Clifford McBride (January 26, 1901 - May 21, 1951) was an American cartoonist best known for his comic strip Napoleon and Uncle Elby.

== Biography ==
Born in Minneapolis, Minnesota, McBride was twice expelled from school because of his drawings in the school paper. His first professional cartoon was published in 1917 in The Los Angeles Times.

When he graduated from Occidental College, he moved to Pasadena, California, beginning his career in 1923 as a staff artist for The Los Angeles Times. The following year, he illustrated humorous fiction for the Chicago Tribune.

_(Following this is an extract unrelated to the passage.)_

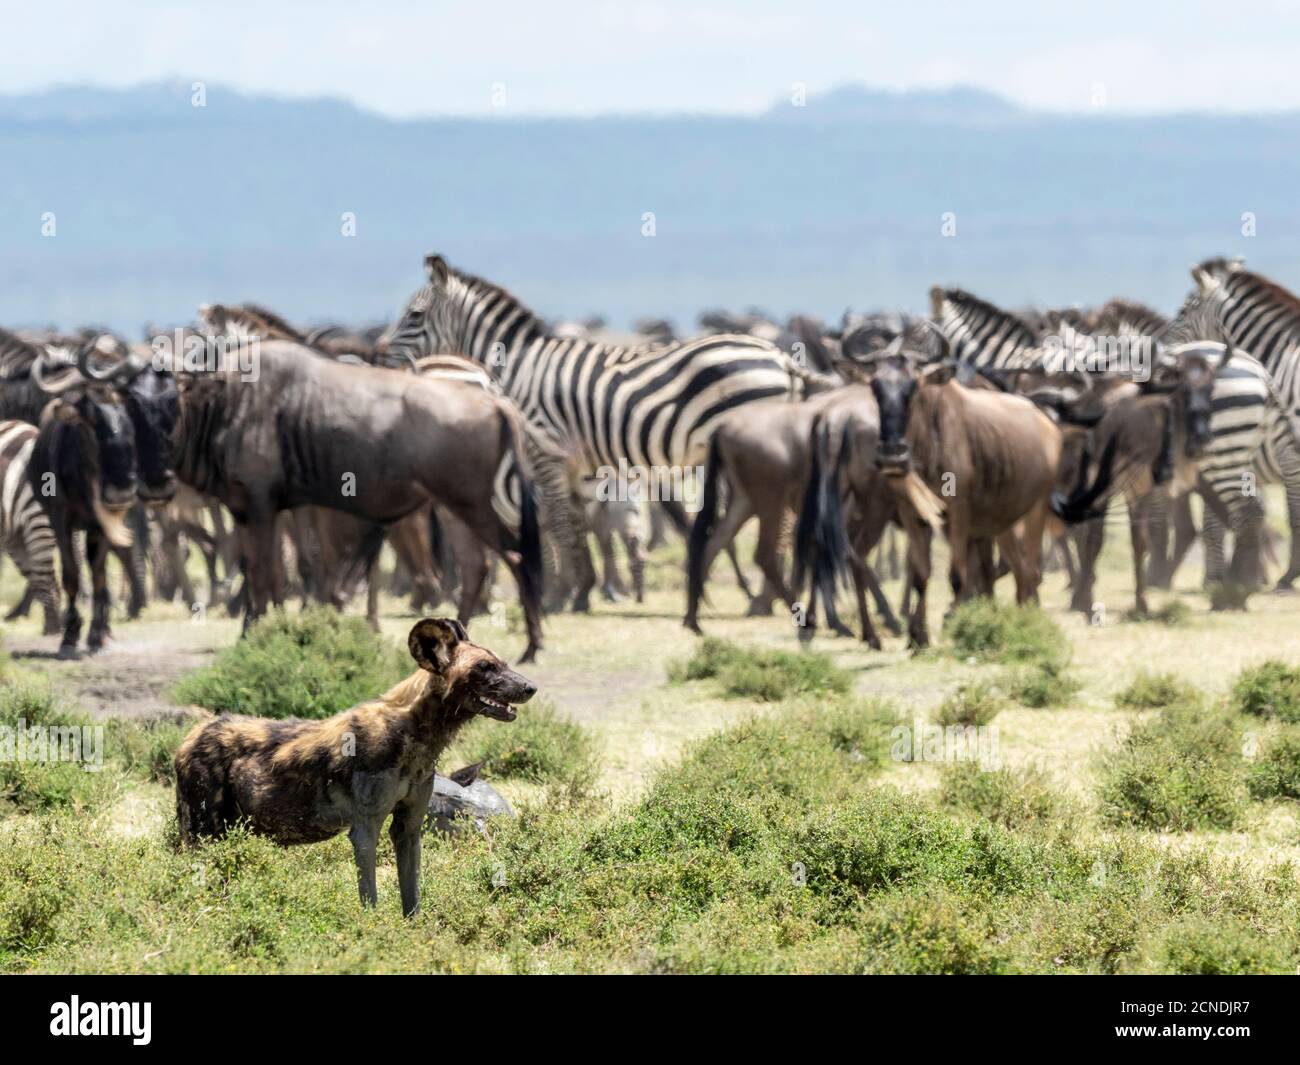 African wild dog (Lycaon pictus), probing zebras and wildebeest in Serengeti National Park, Tanzania, East Africa, Africa Stock Photo

=== Comic strips and Napoleon ===

After drawing such features as Insect Life, McBride's Cartoon (1927), and Clifford McBride's Pantomime Comic (1932), he created Elby, a character based on his uncle, Henry Elba Eastman. He soon began to add situations involving Elby's dog, Napoleon.

Drawing for a minor syndicate, Lafave Newspaper Features, McBride began Napoleon as a daily strip on June 6, 1932, adding a Sunday strip in 1933. The following year the title was changed to Napoleon and Uncle Elby. McBride's cartoons appeared in such magazines as Life and Cosmopolitan, and he profited from hardcover reprints, comic books and the licensing of his character as a spokesdog during the 1940s for Red Heart Dog Food. Merchandising included a stuffed toy of Napoleon. Napoleon and Uncle Elby was a 1945 hardcover collection of 116 of McBride's strips.

McBride's assistant on the strip was Roger Armstrong (1917–2007). After McBride's 1951 death in Altadena, California, his second wife, Margot Fischer McBride, wrote the strip, and she hired Armstrong as the illustrator. In 1952, the team switched to the Mirror Enterprises Syndicate in Los Angeles, keeping the strip going for the next eight years.

===Films===
Although Napoleon was an Irish Wolfhound, McBride's own dog was Ace, a 190-pound St. Bernard. Ace was sometimes used for promotional purposes with McBride, including two short films, Unusual Occupations (1941) and Artist's Antics (1946).